The SBE group was administered a hard capsule containing 240 mg SBE (Omnica Co., Ltd, Tokyo, Japan), which was the same SBE as used in previous reports [7,8,9,10]. The placebo group was administered a control capsule without SBE. Table 1 shows the composition of the tested foods. The concentration of VMA in SBE was 36.89% when determined using HPLC with cyanidin 3-glucoside chloride as the anthocyanin reference and 35.82% when determined using a quantitative method that employs the absolute purity of the reference material. The true value of cyanidin 3-glucoside chloride in SBE measured by converting the reference material of absolute purity was 3.83% and the true concentration of a total of 15 VMAs was 29.00%. Approximately 68.0 mg of caramel color was added to the placebo food to differentiate it from the SBE food.

2.3. Consumption Methods and Schedule

The subjects consumed SBE or placebo food once daily for 12 weeks without changing their daily routine. The SBE and placebo foods were to be consumed on an empty stomach before breakfast or lunch.
Figure 1 shows the flow of tests performed before and after the VDT tasks at week 0, 4, 8, and 12. Each subject wore an eye mask upon arrival at the trial venue, rested for 10 min, and then had their HFC of accommodative microfluctuation measured before VDT loading. Measurements were made in the order of the dominant eye followed by the nondominant eye.
Before the load test, the subjects performed VDT tasks for 40 min in a room with an illuminance of 500 ± 50 lux. The load task was as follows. A string was attached to a smartphone (Apple Inc. iPhone 5), which was looped over the subjects’ necks such that the screen and the subjects’ eyes were 30 cm apart.

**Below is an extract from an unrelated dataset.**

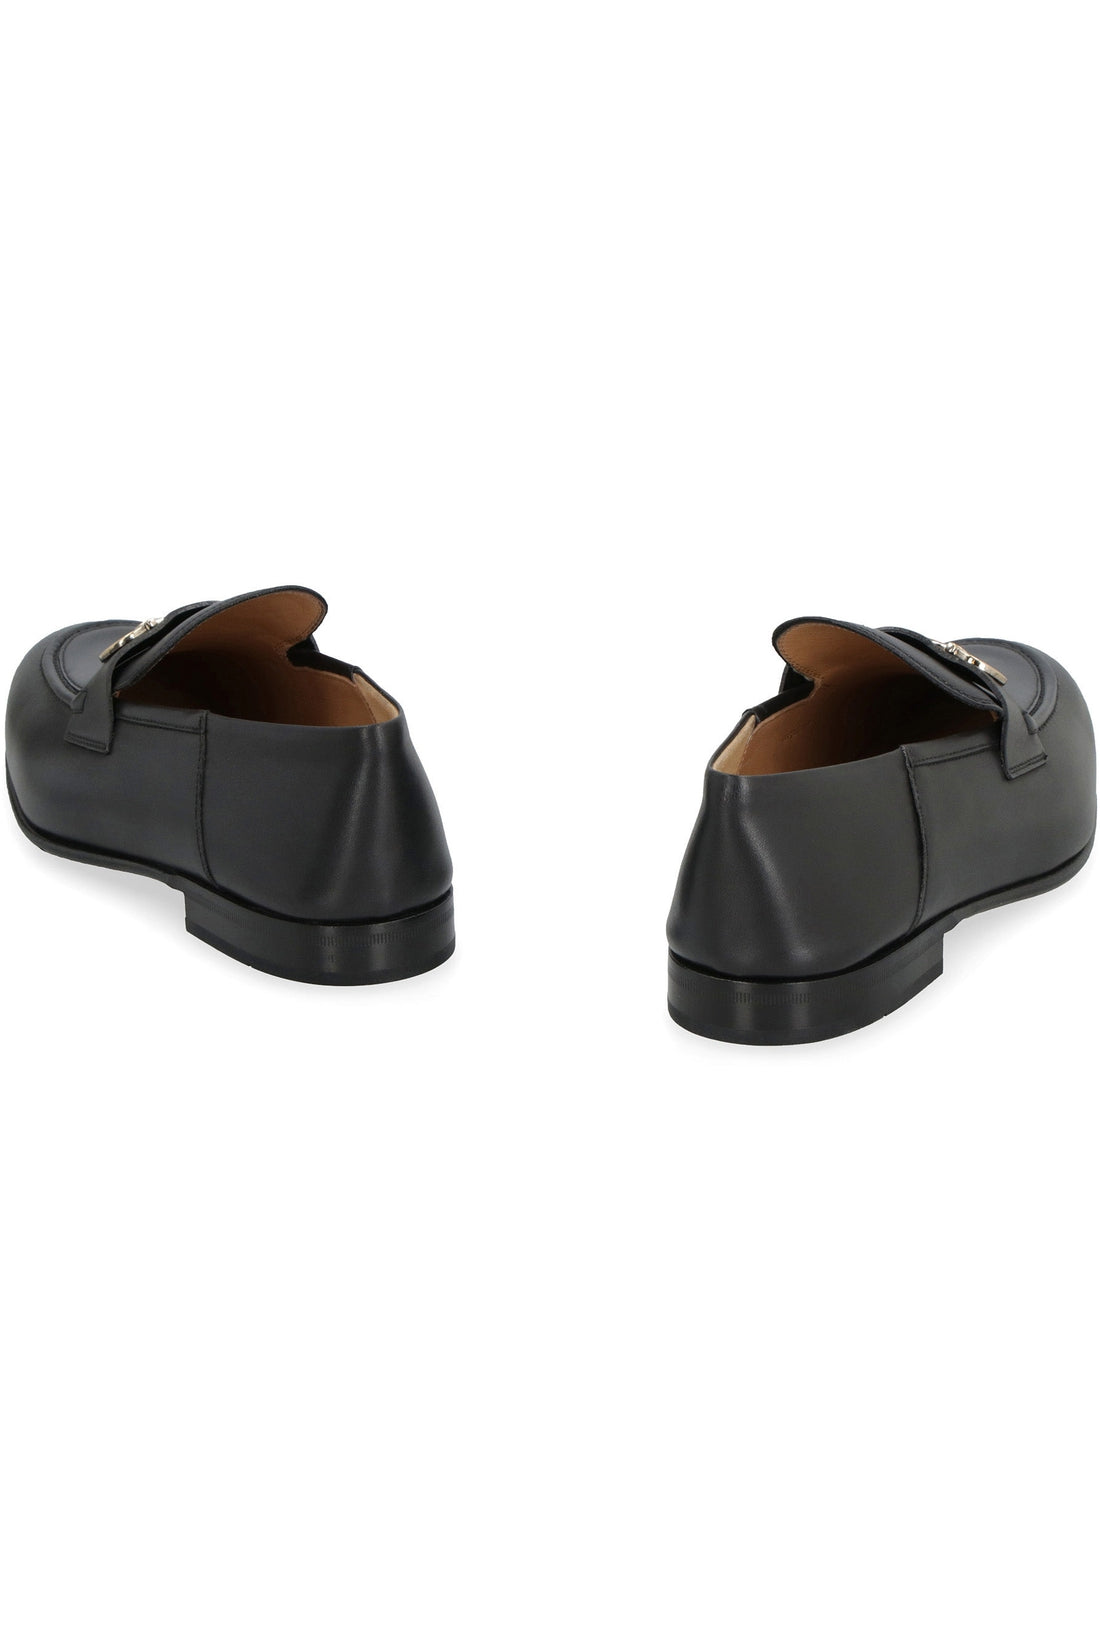 FERRAGAMO-OUTLET-SALE-Leather loafers-ARCHIVIST

The subjects played a game in this position such that they all had a similar VDT load. The game was a simple one of collecting falling debris: Tetris®. As the post-load test, HFC was measured 1 min after the end of the VDT task.

2.4. Test Items

The ocular tests (HFC measurements) were performed at week 0-the first day of intervention-(0w), week 4 (4w), week 8 (8w), and week 12 (12w). The clinical diary was checked daily (consumption of the tested food, health condition, adverse events, etc.). The safety test was performed during the screening (SCR) and at week 12 (Table 2).

2.4.1. Ocular Fatigue Test

Using the ocular accommodation function analysis software AA-2 (NIDEK, Nagoya, Japan) installed in the Autorefractor/keratometer ARK-560A (NIDEK), the HFC was examined according to the report by Kajita et al. [12]. In brief, the accommodation response waveform was measured 8 times by changing the position of the target at the 0.5 diopter interval from far to near positions between +0.5 and −3.0D based on the minimum refraction calculated for each measurement. Examinees were instructed to maintain a clear gaze at the target at each step. Frequency spectra, obtained through fast Fourier transform of the obtained waveforms, were converted to logarithm, and this was integrated by the frequency of 1.0–2.3 Hz to obtain HFC. The fraction from the minimum refraction to −0.75D was defined as the HFC-1 range, and the mean HFC in the HFC-1 range was defined as the HFC-1 value. When human eyes are fixed upon a stationary target, subjectively, refraction seems to be stationary; however, in reality, the ciliary muscle repeatedly contracts and relaxes, leading to a sinusoidal fluctuation in refraction. This fluctuation is called accommodative microfluctuation and is divided into low frequency components (gradual fluctuations of <0.6 Hz) and high-frequency components (relatively fast fluctuations of 1.0–2.3 Hz). The low frequency components are generated by accommodation that adjusts the point of focus, whereas the high-frequency components originate from fluctuations in the refractive power of the lens, reflecting the activity of the ciliary muscle [11,13,14].

2.4.2. Safety Evaluation

For safety evaluation, blood tests, urine tests, body measurements, and interviews were conducted before and after the start of the trial. All undesirable or unintentional signs, symptoms, and illnesses that occurred during the consumption of the tested foods in this trial were considered as adverse events, regardless of the causal relationship with the tested food.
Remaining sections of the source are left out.